Kyrie's birth weight was two pounds, three ounces. She gained weight quickly and slept calmly. Brielle, however, three pounds lighter than her sister, had breathing and heart-rate problems. The oxygen level in her blood was low, and her weight gain was slow. On Nov. 12, tiny Brielle went into critical condition. Her stick-thin arms and legs turned bluish-grey as she gasped for air. Her heart rate soared. The Jackson parents watched, terrified that their little daughter might die.

It is said that desperate moments call for desperate measures. Nurse Gayle Kasparian, after exhausting all the conventional remedies, decided to try a procedure that was common in parts of Europe, but virtually unknown in the United States. With parental permission, she placed the twins in the same bed. No sooner had she closed the incubator door, Brielle snuggled up to Kyrie and began to calm down. Within minutes, her blood-oxygen readings improved. As she dozed, Kyrie wrapped her left arm around her smaller sister. Brielle's heart rate stabilized and her temperature rose to normal.

In due time, the twins went home. Their parents placed them, once again, in the same bed where they continued to thrive. Even after five years, according to mom and dad, the twins still sleep together and, not surprisingly, still snuggle.

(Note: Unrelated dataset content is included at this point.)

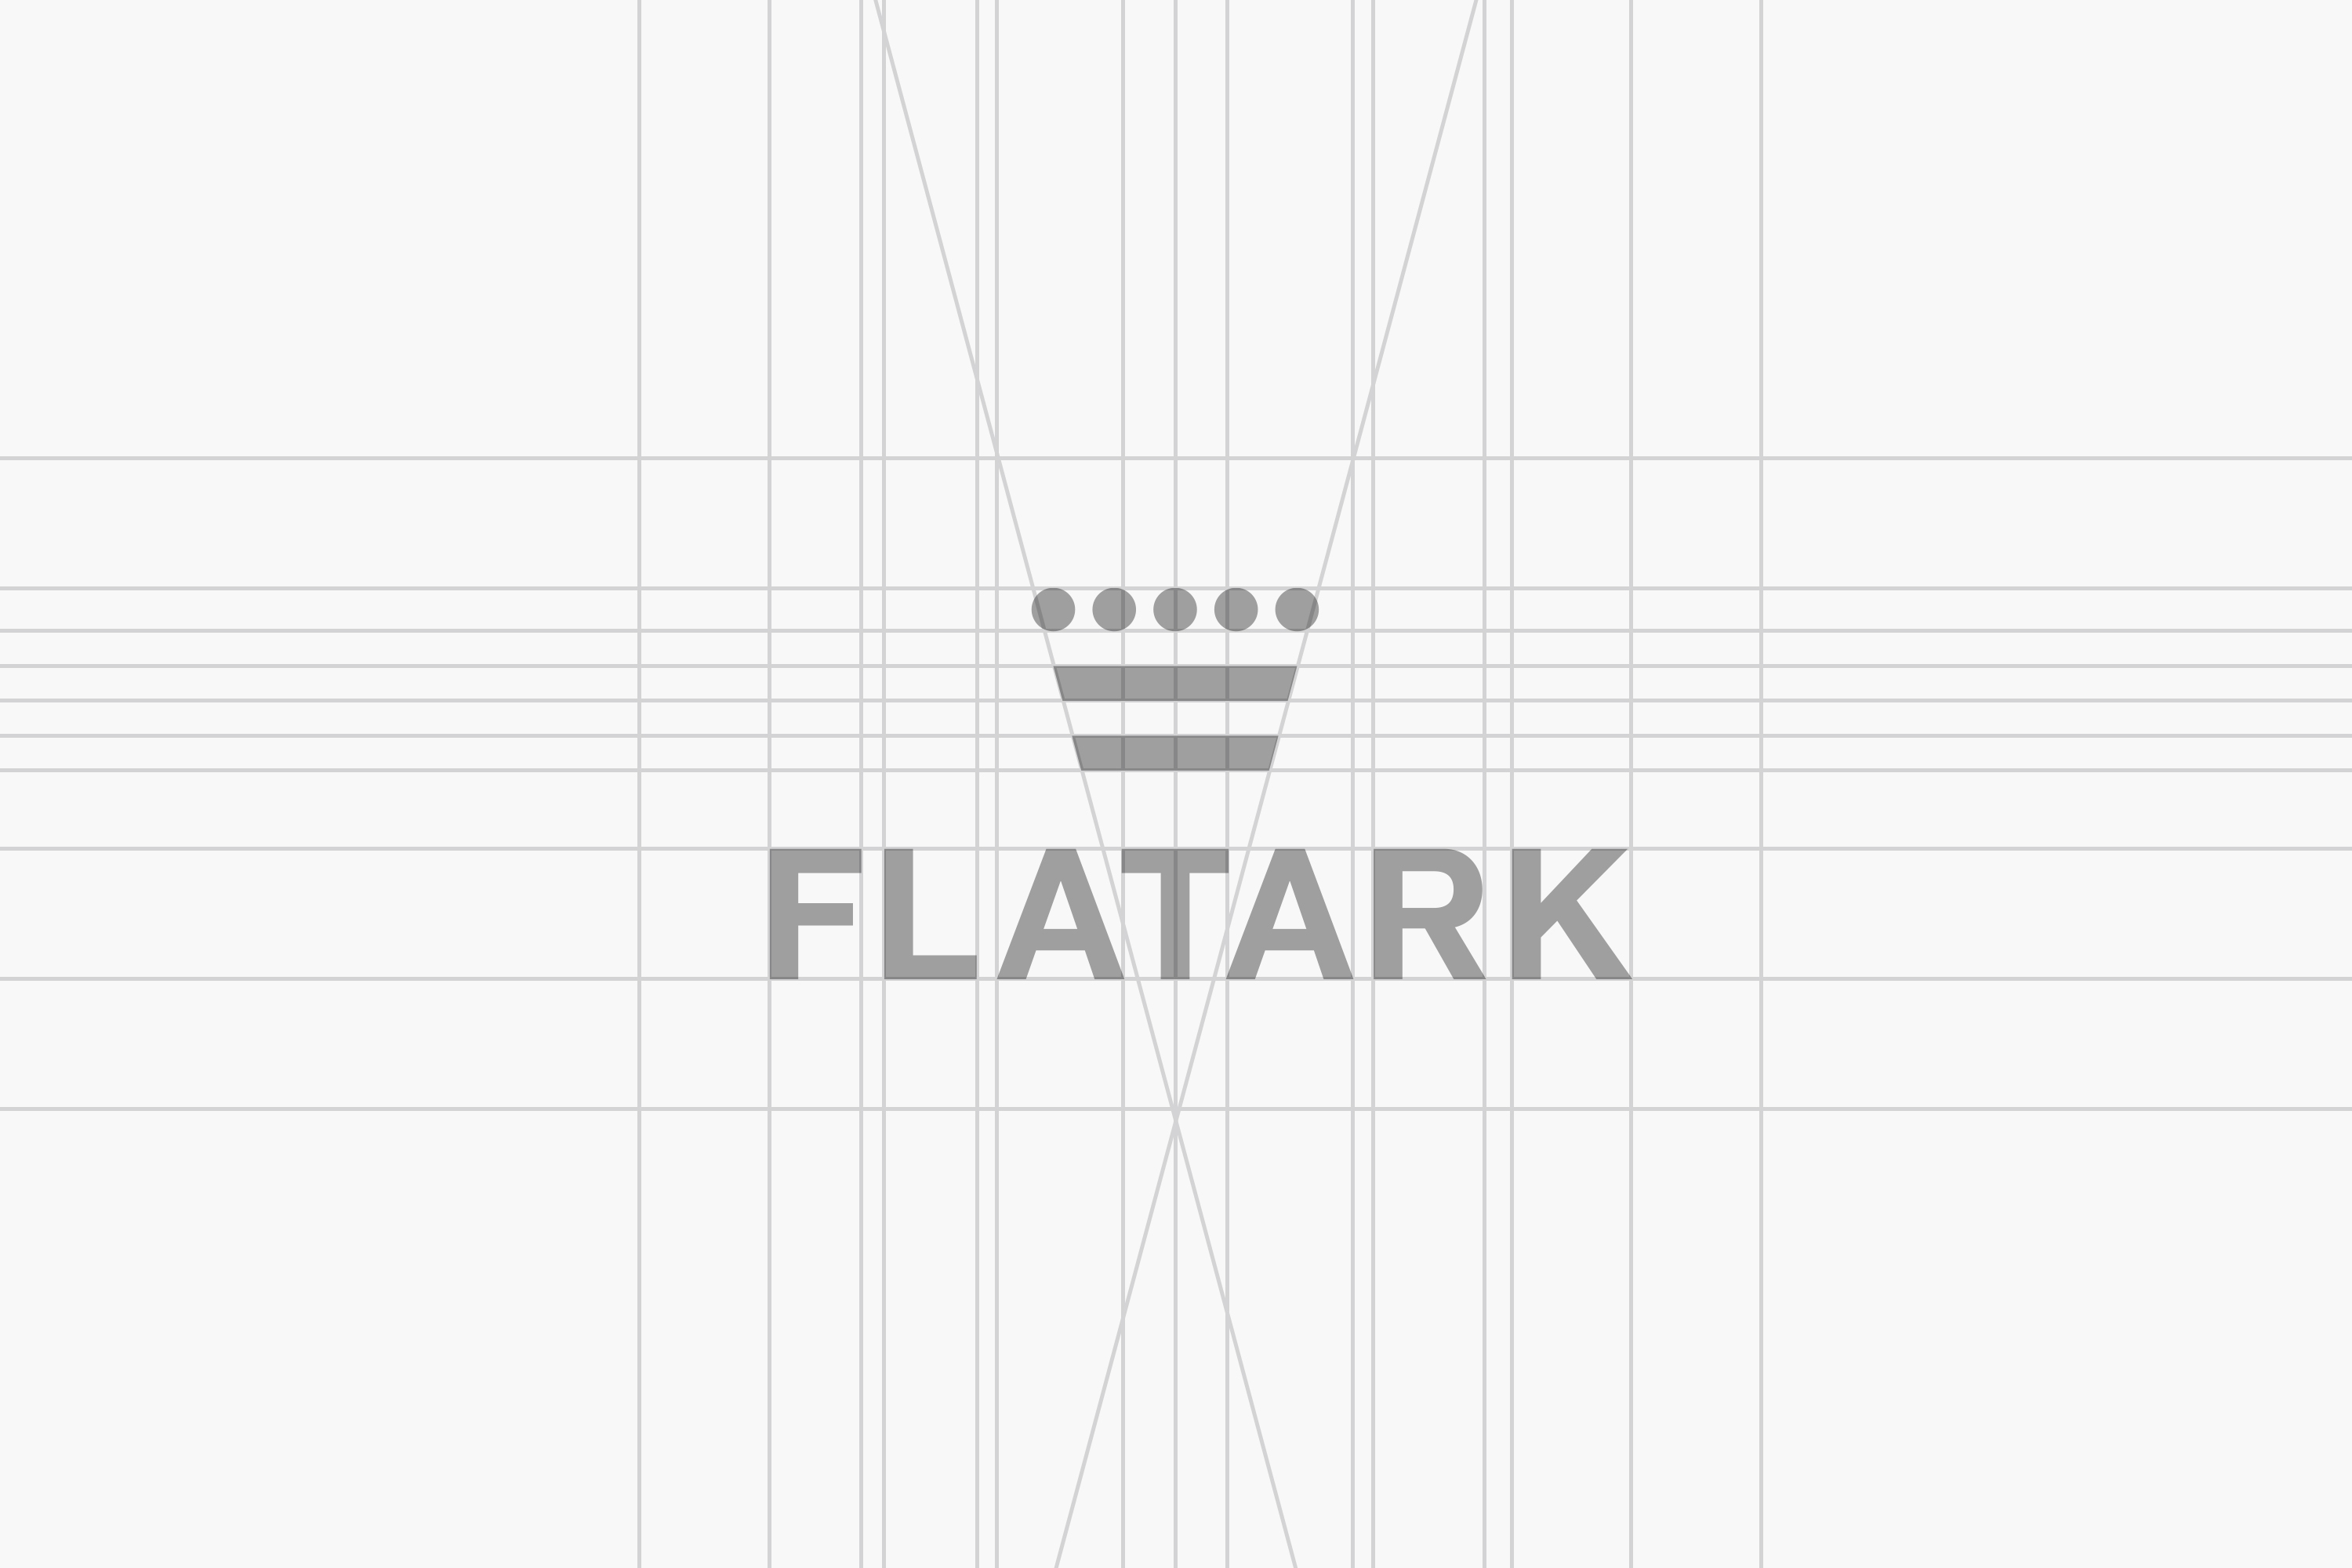 flatark_logo_grid_system_design

The photograph of Kyrie hugging her little sister, dubbed "the Rescuing Hug," appeared in both Life magazine and Reader's Digest. It brought fame to the pair and spurred a growing interest in co-bedding premature twins, triplets, and quads. The University of Massachusetts Memorial, for example, has co-bedded at least 100 sets of multiple-birth preemies. Observing this practice over a period of five years, the hospital staff there have not found a single case of twin-to-twin infection.

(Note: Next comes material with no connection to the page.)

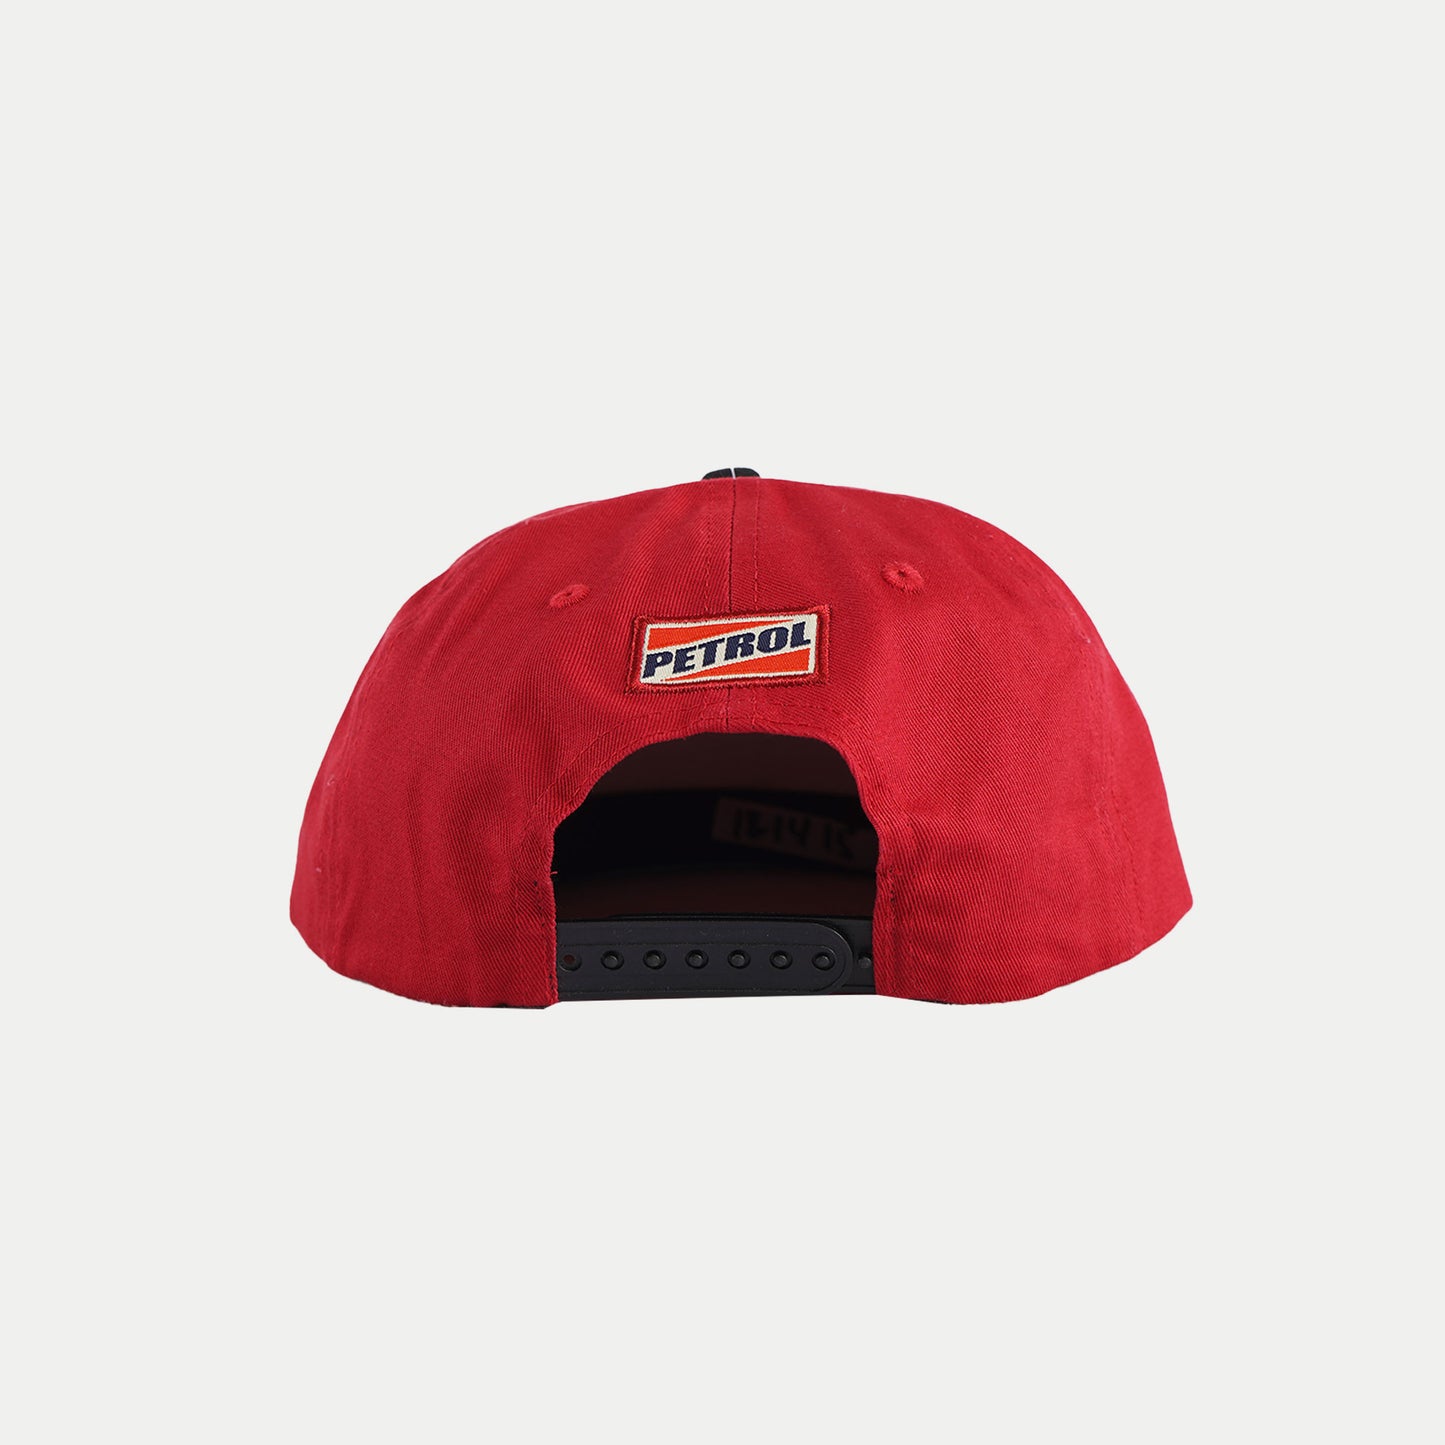 Petrol Men's Accessories Basic Cap for Men Snapback Cap Trendy fashion Black Snapback Cap for Men 121412 (Red)

Someone has said that we need four hugs a day for survival, eight for maintenance, and 12 for growth. This may not be mathematically accurate, but it does illuminate a truth about human beings: "I touch, therefore we are," is infinitely more revealing of human nature than "I think, therefore I am."

Science tells us that hugging is healthy in a variety of ways. It strengthens our immune system, reduces stress, assists sleep, and is an antidote to depression. Researchers at the University of North Carolina at Chapel Hill state that cuddling with your spouse can be good for your blood pressure. Kathleen Keating may not tell us everything we want to know about the mutual benefits of hugging in her book, The Hug Therapy, but she does make it clear that hugging can be wonderfully therapeutic in a variety of ways for people of all ages.

We adults are often blind to the obvious. Sometimes, it takes two premature infants to remind us of what kind of beings we are. Through hugs and handshakes, smiles and squeezes, touches and tickles, kisses and cuddles, we honor and affirm one another. This is not something we need to learn. Brielle and Kyrie knew this long before they were conscious of it. But it is something we may need to re-learn, and surely something we should never forget.

So, as you head out into your world of people, don’t be asking yourself, “Who is going to hug me?” Instead be asking, “Who can I hug today?” Hugs are MUCH better than drugs!